India along with Thailand and Taiwan got added by the United States on Wednesday in the list of monitoring of currency manipulating countries that includes China and six others as its major trading partners. The U.S. has not branded these states as the manipulator of currency but already includes Switzerland and Vietnam in the list. The monitoring list also consists of countries such as Malaysia, Japan, Singapore, South Korea, Italy, and Germany. The monitoring list has removed Ireland and all these have been stated in its report Macroeconomic and Foreign Exchange Policies of Major Trading Partners of the United States which got submitted by the US Department of Treasury on Wednesday to the Congress.
India along with Taiwan and Thailand in the monitoring list of the United States
The US Department of Treasury in its report stated that four major trading partners of the U.S. Singapore, Vietnam, India, and Switzerland over the four quarters through June intervened in a sustained, asymmetric manner in the foreign exchange market. Two other objective criteria are exceeded by Switzerland and Vietnam for identifying excessive external imbalances or potentially unfair currency practices. The same could take a toll on the growth of the U.S. and also harm the workers and firms of the America.
Ten economies were also warranted placement on the monitoring list as found out by the Treasury that merits close attention to their currency practices in regards to major trading partners of the US. The countries are Malaysia, China, Singapore, Japan, Italy, Germany, Korea, India, Taiwan, and Thailand.

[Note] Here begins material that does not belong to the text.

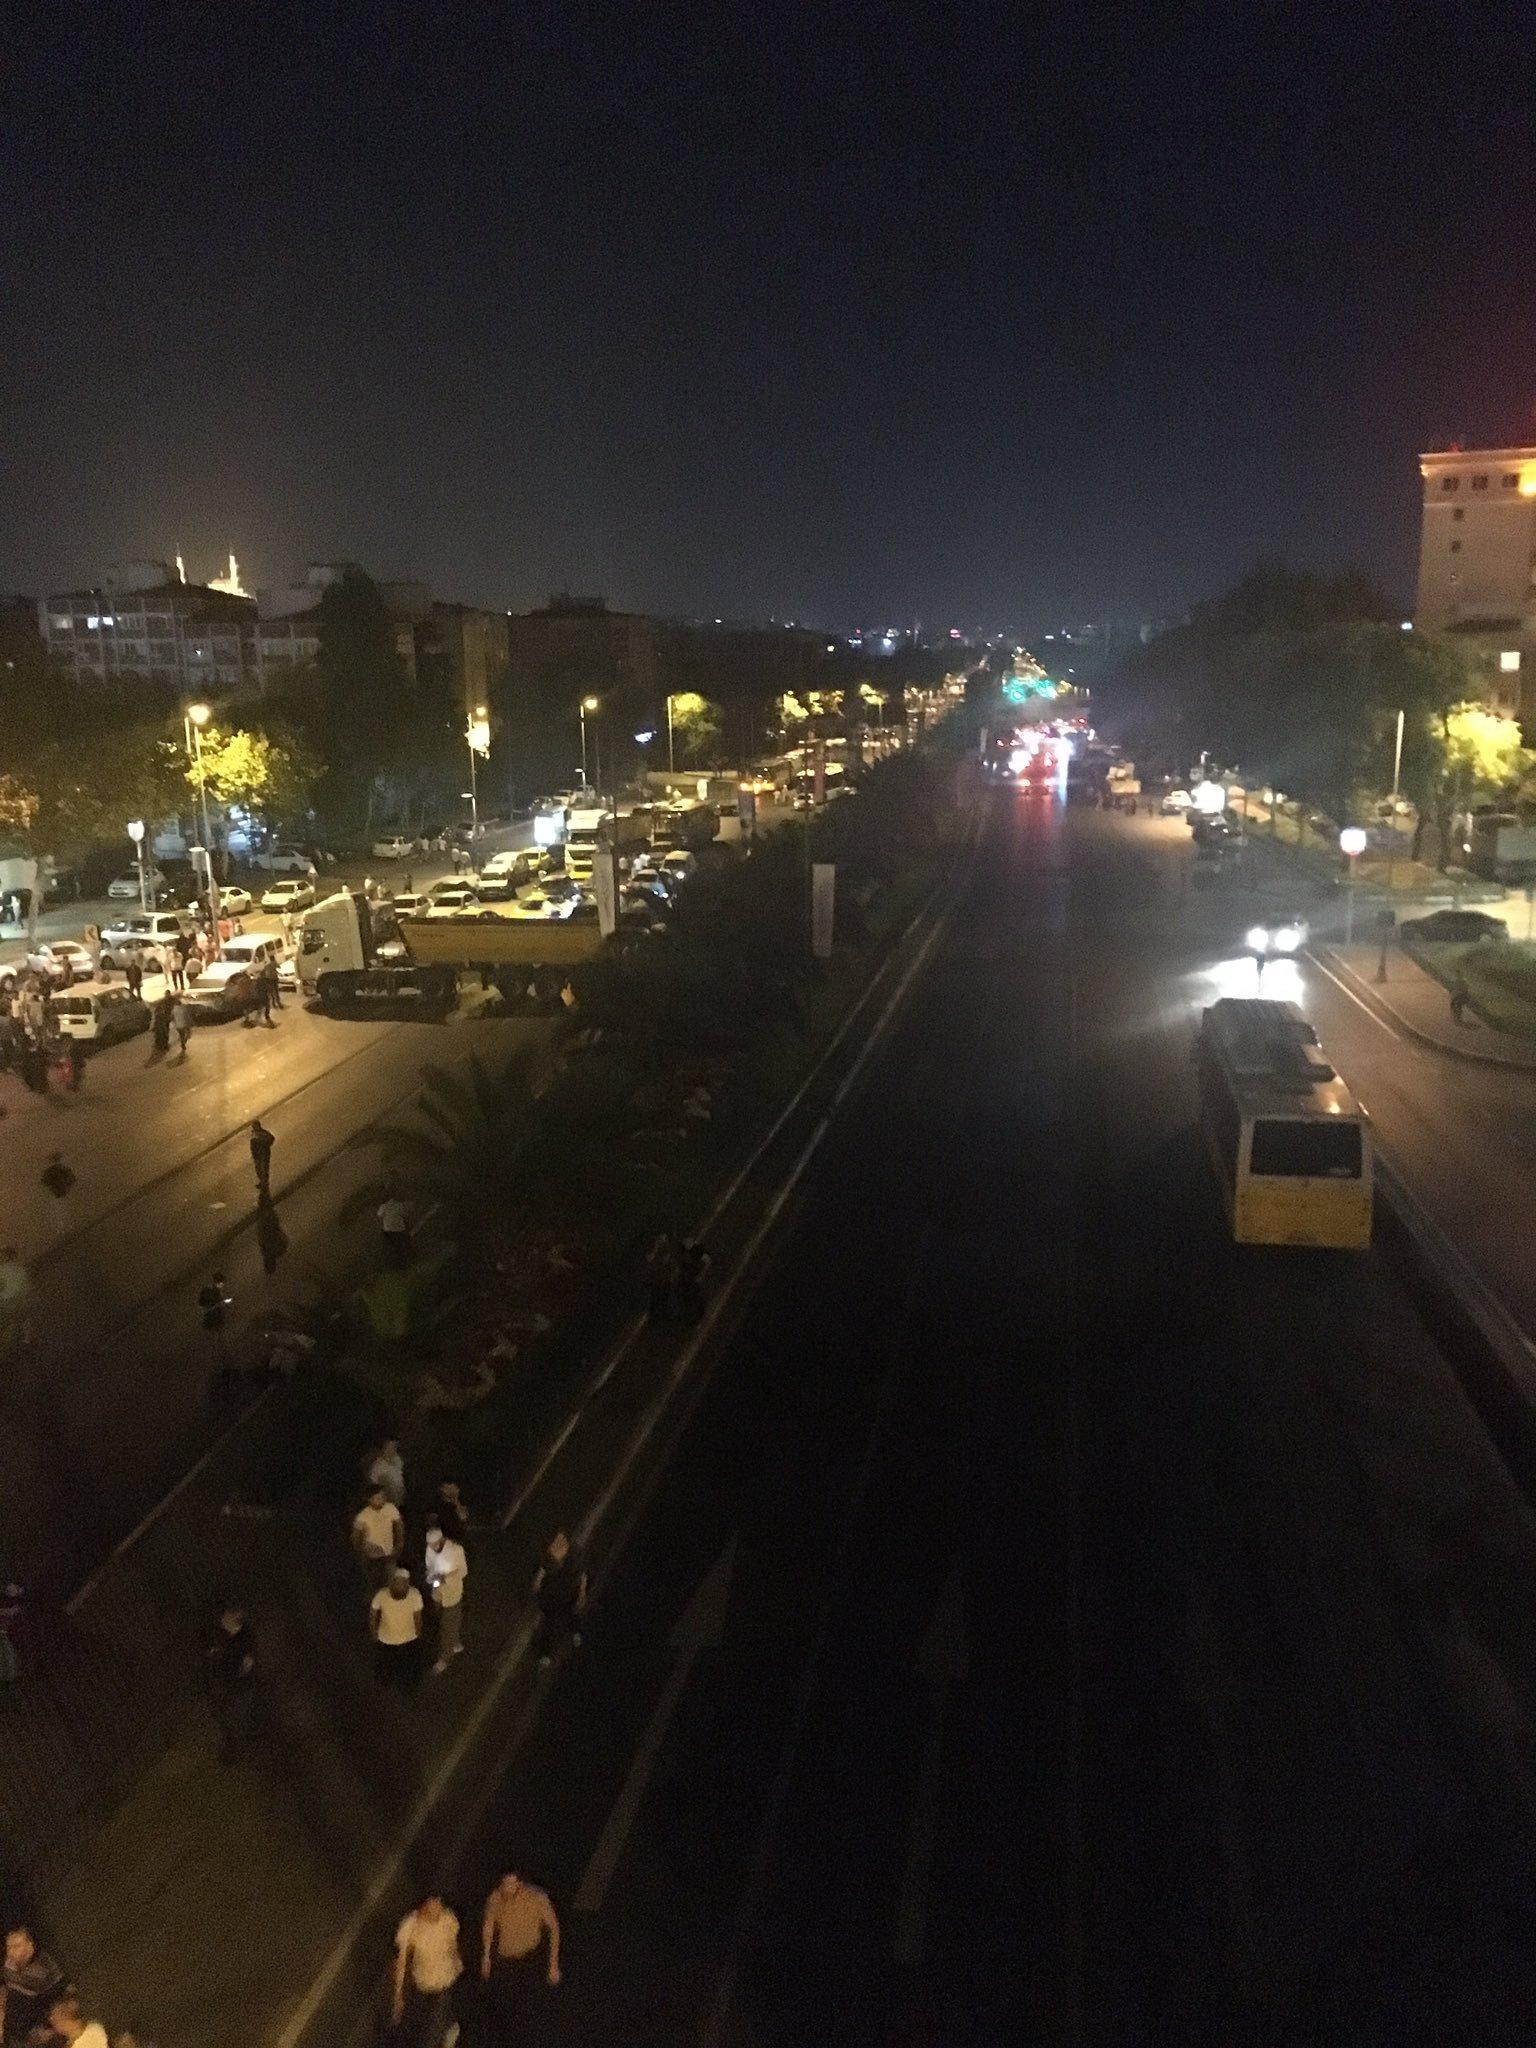 Emniyet güçleri ve vatandaşlar bir hafriyat kamyonunu yatay olarak yola çekerek tankların Vatan caddesindeki İstanbul Emniyet Müdürlüğüne geçişlerini engelledi.

Statement from the US Department of Treasury
Steven T. Mnuchin who is the Treasury Secretary of the U.S. stated on Tuesday that the strong step has been taken by the Treasury Department for safeguarding opportunity and economic growth for the businesses and workers of America. They will follow up with their findings concerning Switzerland and Vietnam and work towards practices elimination that creates unfair advantages for foreign competitors.
US Department of Treasury’s opinion of India
The manipulating list report formulation mainly considers three factors. India has met the criteria of only one and failed to meet the second and the third for which India got its name included in the manipulating list. It is not considered severe enough of the activities of India for it to come under the manipulator’s list. However, the report stated that limitation in the foreign exchange intervention is encouraged by the authorities to periods of excessive volatility and allow on economic fundamentals to adjust the rupee. India could also bolster long-term growth and support economic recovery by further opening the economy to foreign investors.
The report also stated that India is welcomed by the Treasury for the long-standing transparency in publishing sales and purchases of foreign exchange. It is also exemplary for India concerning the publication of the market intervention of the foreign exchange that publishes sales and purchases of monthly spot and forwards the net activity with a lag of two-month. It is broadly market-determined as to the value of the rupee as stated by the RBI and using of intervention only takes place for undue volatility curbing in the exchange rate.